[Opening Data under study section]

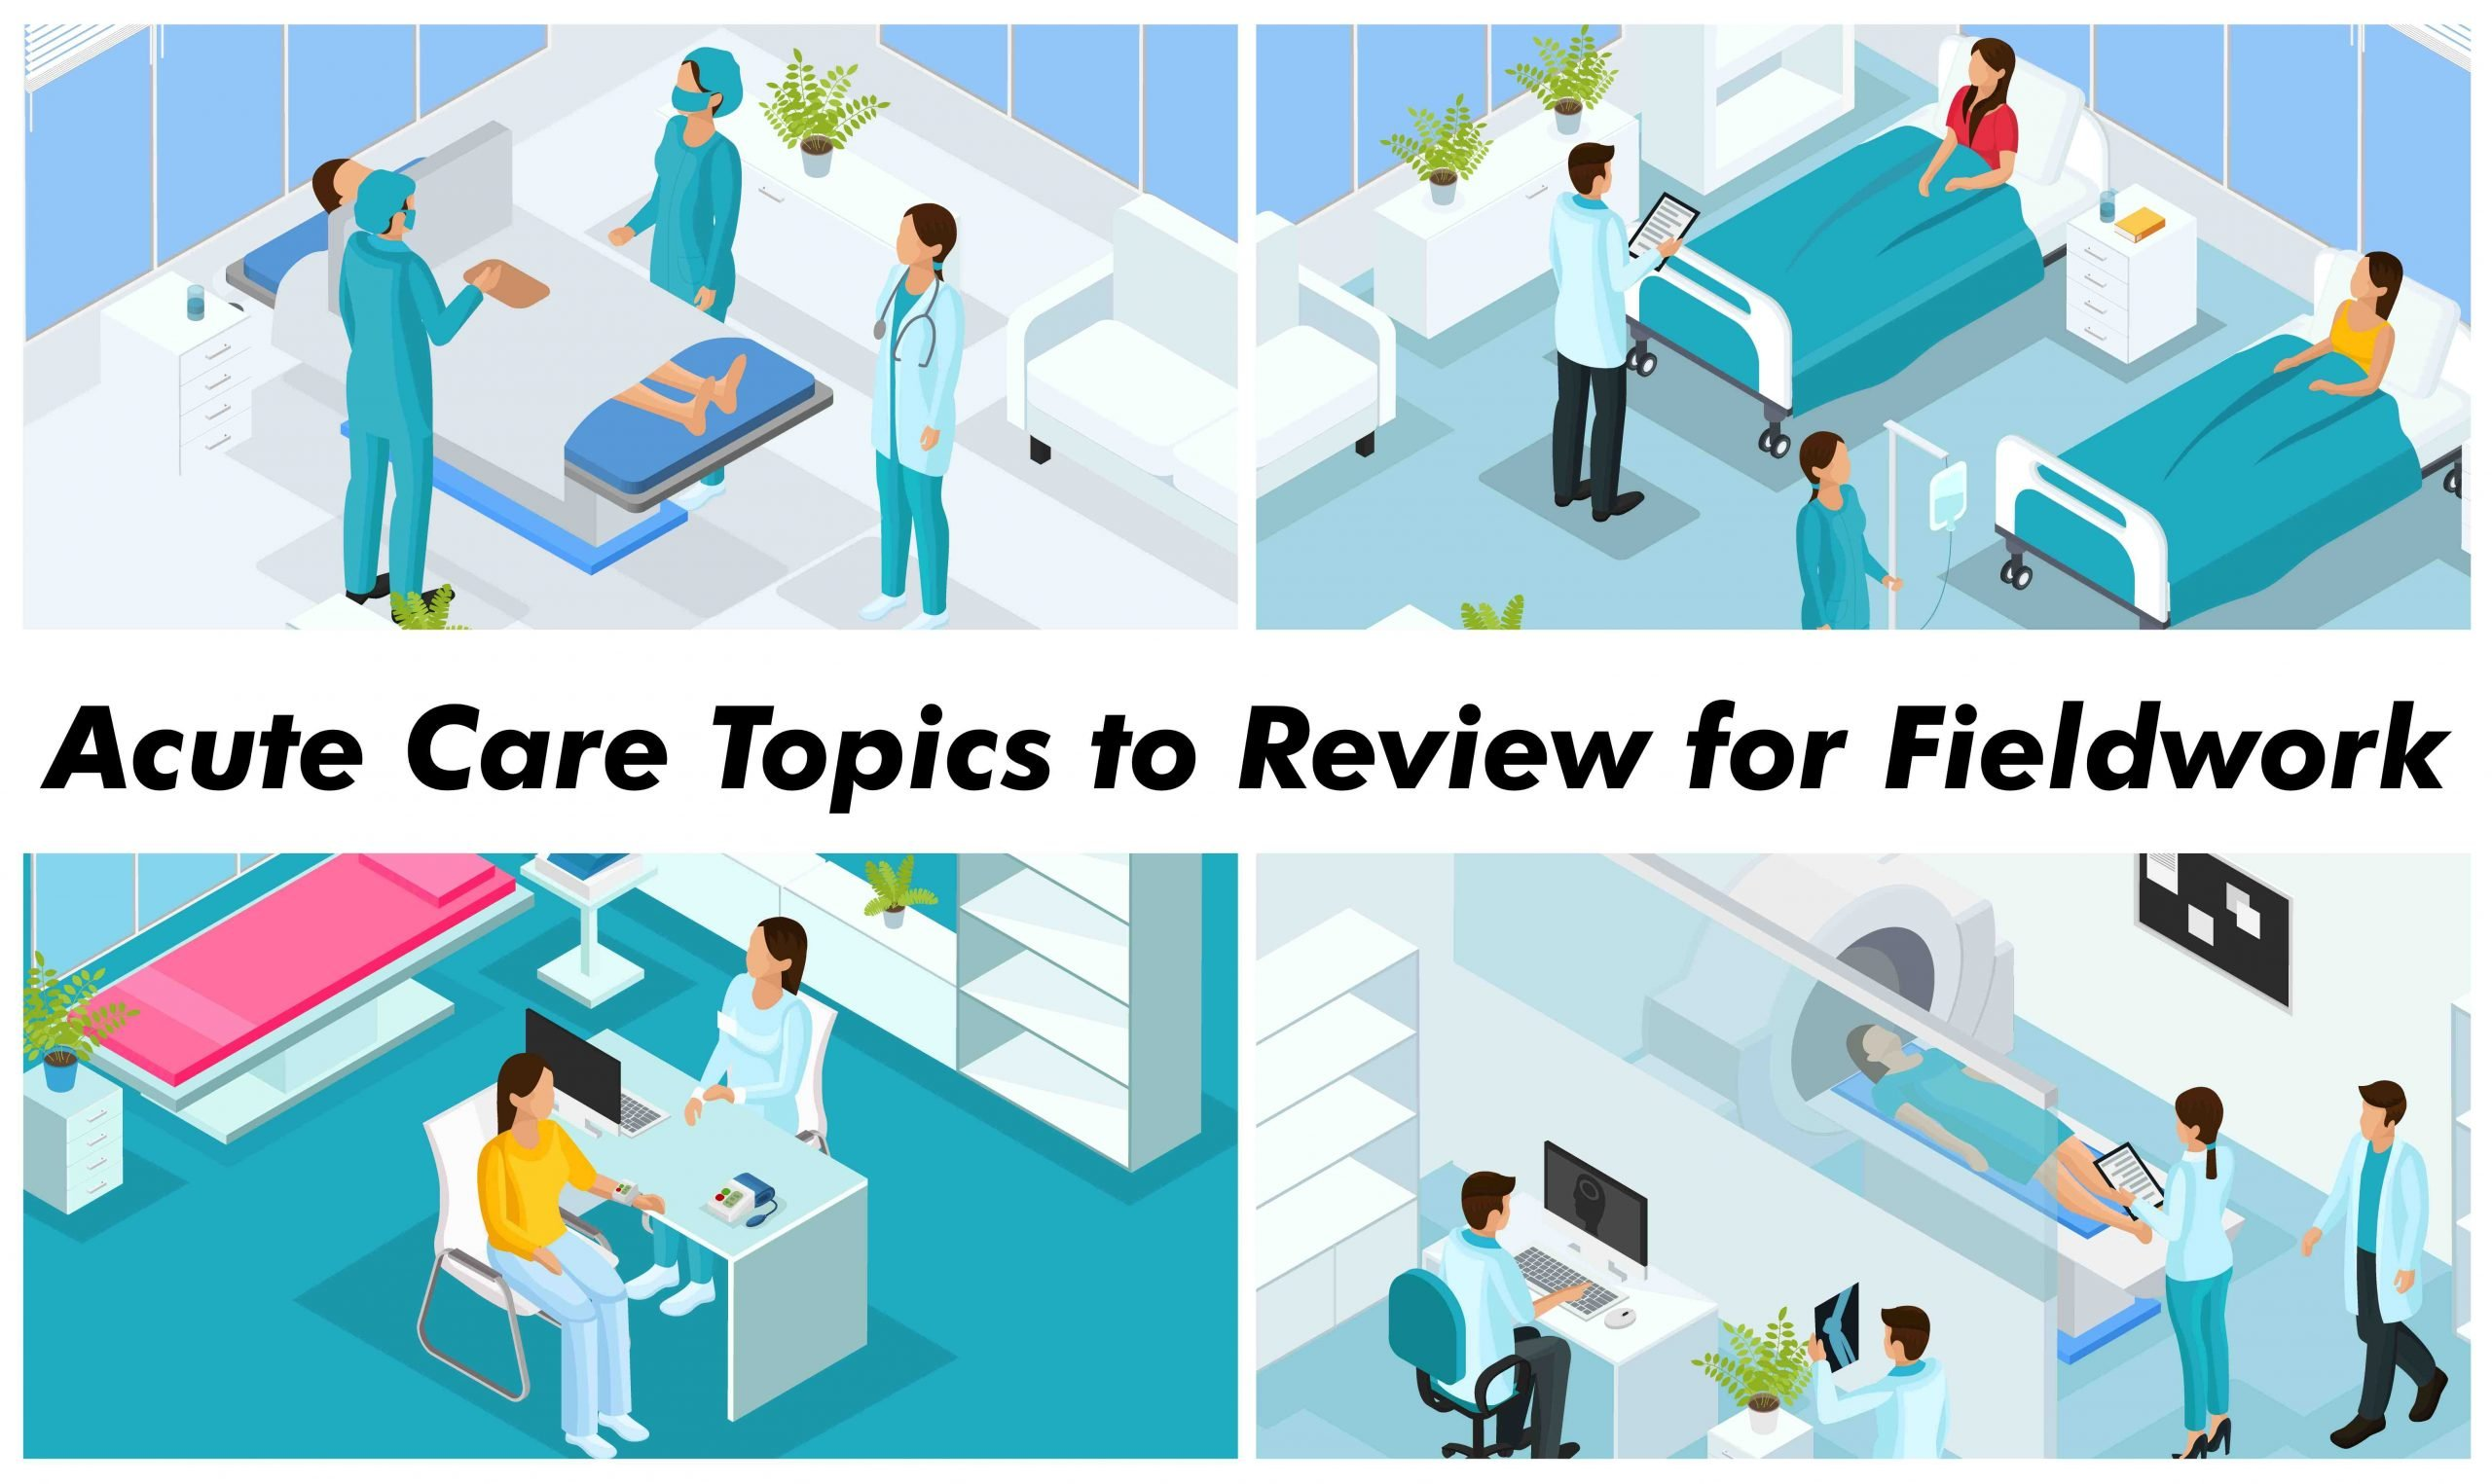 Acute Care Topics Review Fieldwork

[Closing Data under study section]
[Opening Data under study section]

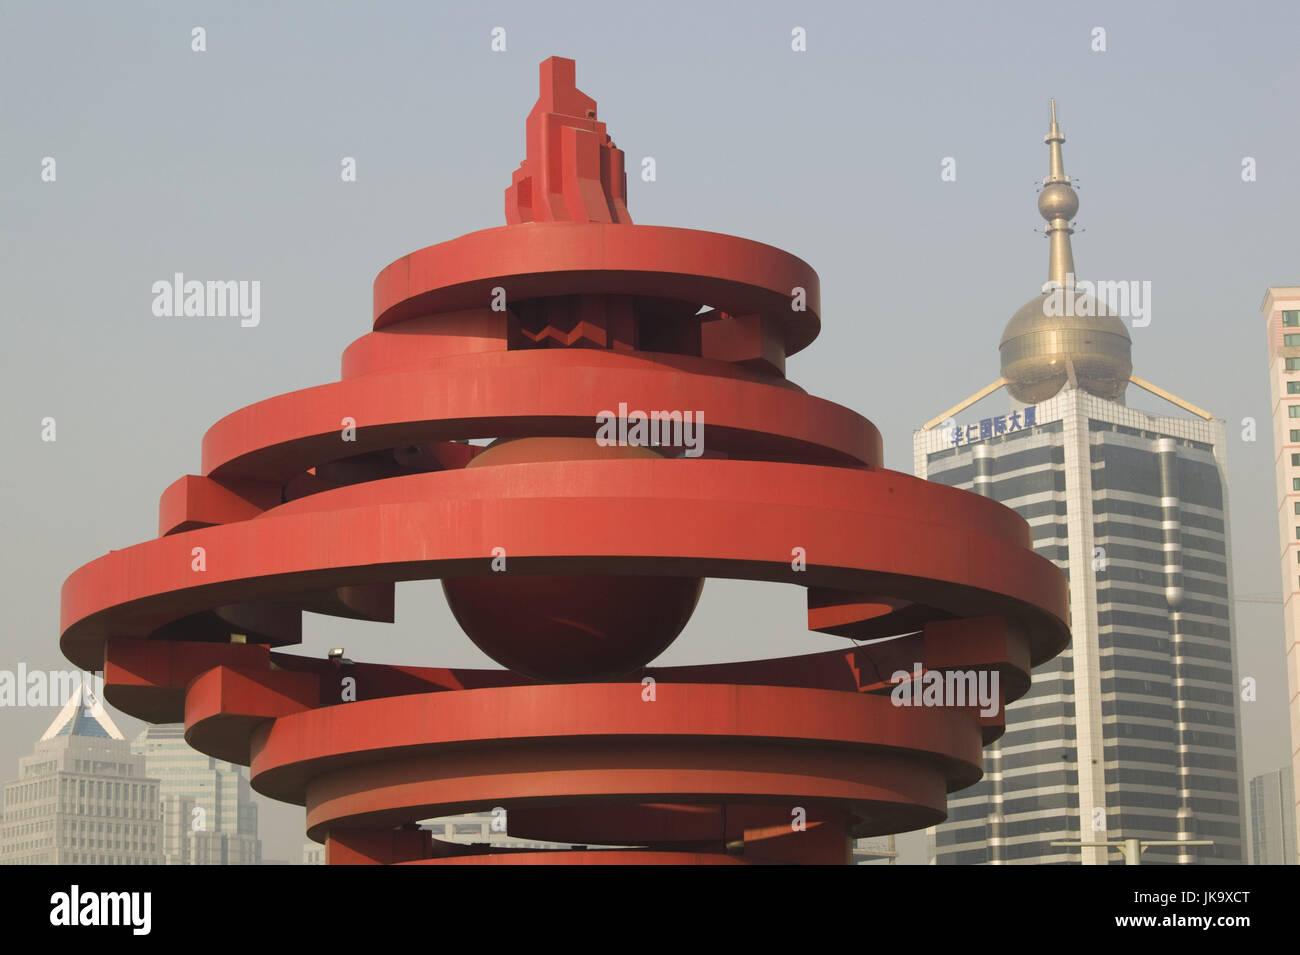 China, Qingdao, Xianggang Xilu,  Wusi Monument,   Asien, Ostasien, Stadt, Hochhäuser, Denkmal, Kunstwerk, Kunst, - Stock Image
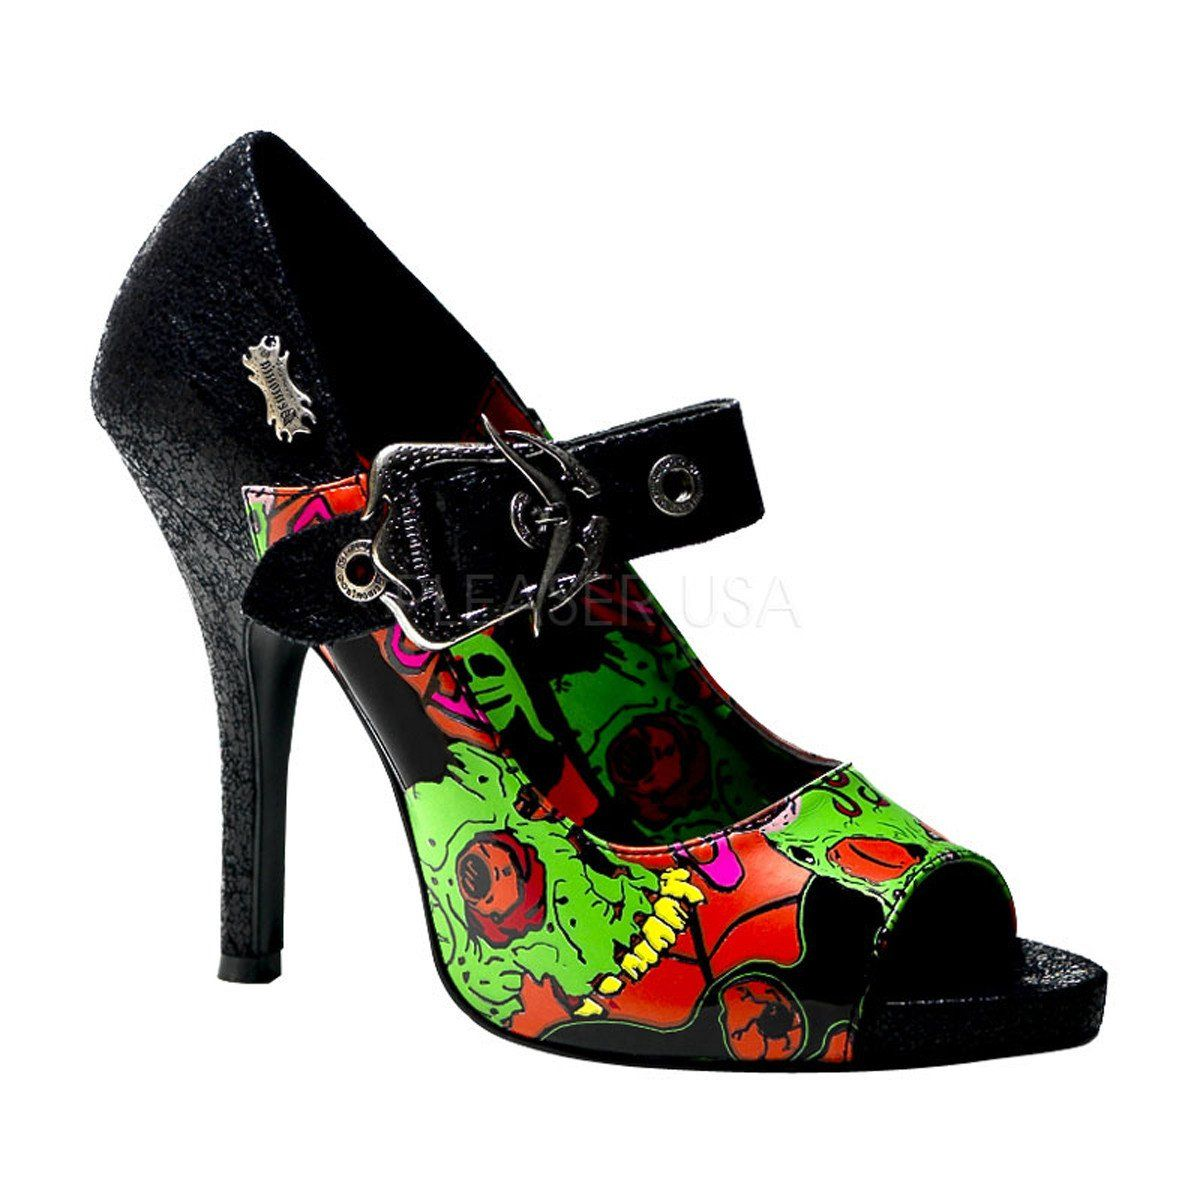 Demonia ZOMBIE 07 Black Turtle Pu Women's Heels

[Closing Data under study section]

◆ **Your task**: From the data above, return only the lines starting at the line that holds "China, Qingdao, Xianggang" and ending at the line that holds "Demonia ZOMBIE 07", word for word and without pictures.

◆ **Result for this exercise**:
 China, Qingdao, Xianggang Xilu,  Wusi Monument,   Asien, Ostasien, Stadt, Hochhäuser, Denkmal, Kunstwerk, Kunst, - Stock Image
 Demonia ZOMBIE 07 Black Turtle Pu Women's Heels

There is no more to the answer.